There is another view of the case, which, without taking into consideration the point already discussed, shows with equal clearness that the decision was erroneous. It is not denied that the condition of the mortgage has been broken and that some one has/a right to a foreclosure. But the petitioner holds the legal title to the mortgaged property, and therefore must be a party to any bill brought for that purpose, and he has clearly a right to be a plaintiff. We have then a bill pending, in which there are at least some of the proper parties both for and against the suit. It is a well settled rule in equity that a bill should never be dismissed for want of necessary parties. If there are any other persons besides the petitioner who have an interest in this mortgage, they can come in and make themselves parties voluntarily, or they can be summoned in. Nash v.
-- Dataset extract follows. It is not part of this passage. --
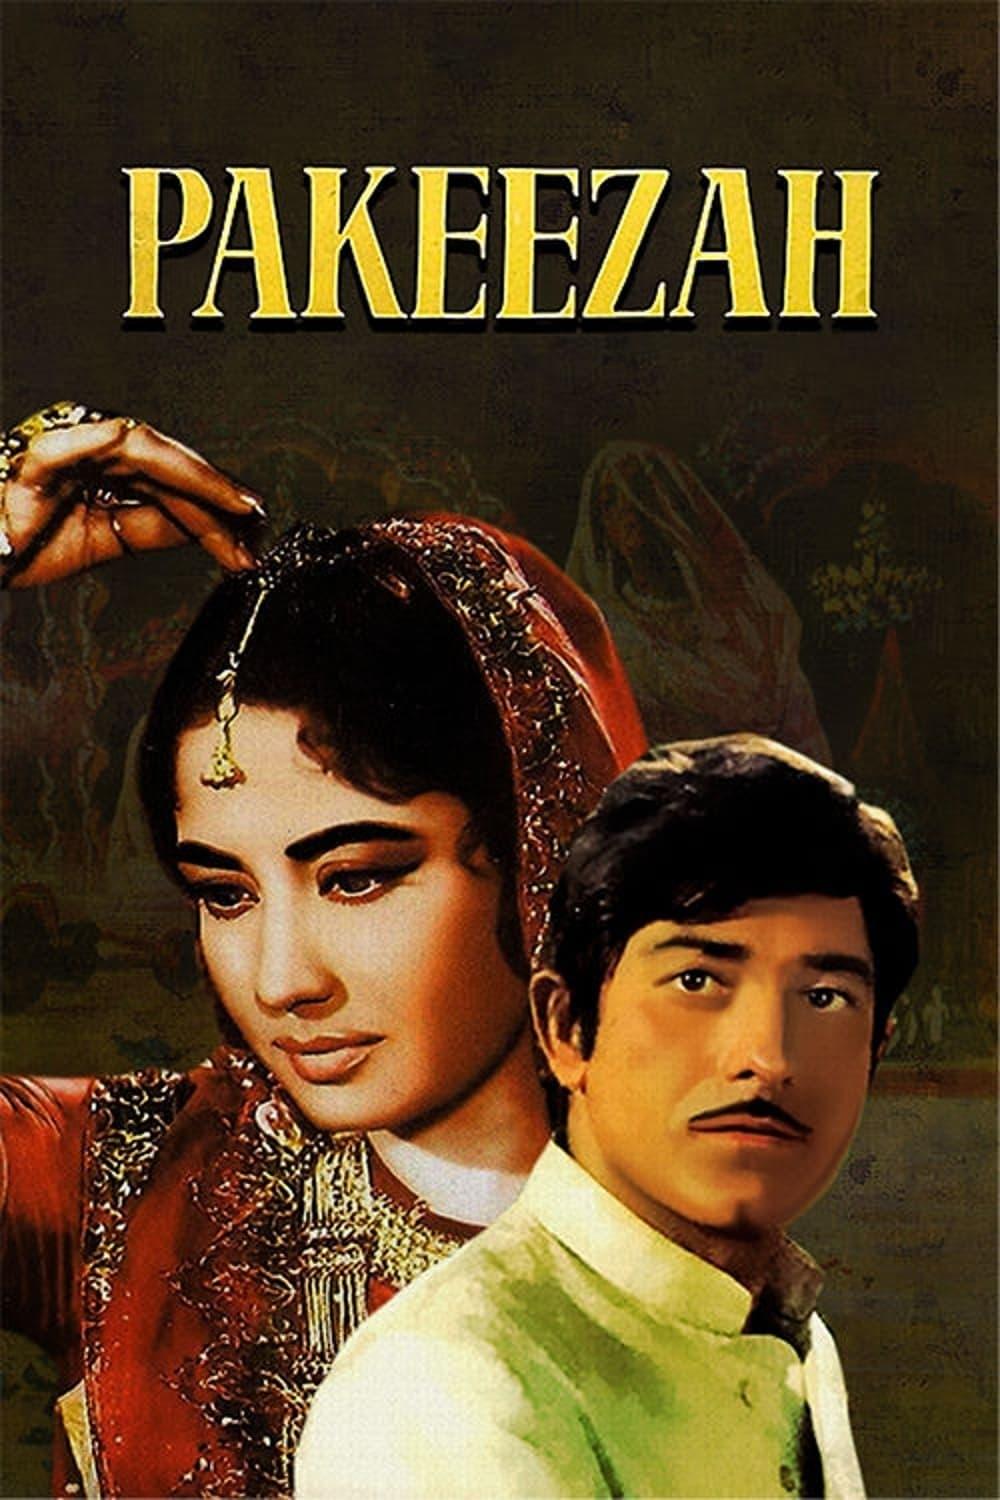 Pakeezah poster

Smith, 6 Conn., 421; New London Bank v. Lee, 11 id., 112.
*395It may well be doubted whether it was not too late to take the objection for want of parties. Chipman v. City of Hartford, 21 Conn., 488; Bunnell v. Read, id., 586. The petitioner professes as trustee to prosecute this suit solely for the benefit of others. If they acquiesce in this course, why should the respondents object to it? Chancery frequently authorizes a petitioner to prosecute for the benefit of others as well as himself. New London Bank v. Lee, 11 Conn., 112.
The decree of the superior- court must be reversed and the case remanded.
In this opinion the other judges concurred.